Maybe depositors get fired because their employers could not meet the demand for repayment to the banks. The depositors then demand immediate money. Banks cannot deliver. The collapse of overextended banks exacerbates the depression.

The inverted pyramid of debt collapses. What goes up (boom) must come down (bust). But not for long. The central bank then steps in and creates new money to forestall this collapse. Another round of counterfeiting begins.
 
BOOM-BUST, BUST-BOOM

The reason why economies suffer from booms and busts is because the fractional reserve banking process continues. It continues because there is an enforcer who calls the bust to a stop before prices have adjusted to the new conditions of supply and demand. The enforcer is the central bank.

A central bank's primary function in every nation is to keep large banks in the banking cartel from going bankrupt. The big banks are never allowed to go belly-up.

The central bank always intervenes and creates new fiat money to bail out the big banks.
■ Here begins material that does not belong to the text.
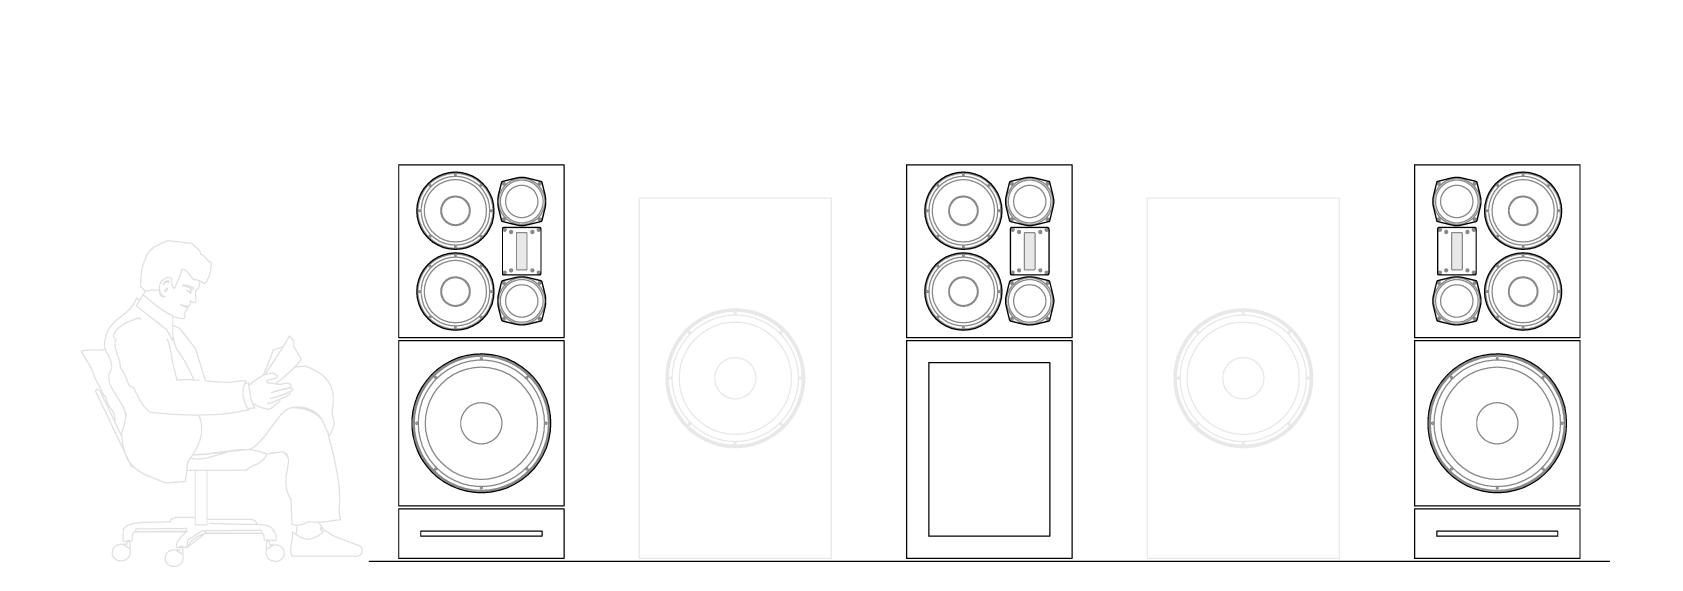 Custom Home Cinema - Design

If it doesn't, the government does. The cure for the bad outcome of fiat money inflation – depression – is always another round of monetary inflation. This sets off the boom-bust cycle once again.

Once started, the process continues, generation after generation. The groups that prospered from the fiat money–induced boom demand bailouts. Some of them do get bailed out by the government. These bailouts are paid for by new government debt (no change in the money supply) and also by fiat money issued by the central bank.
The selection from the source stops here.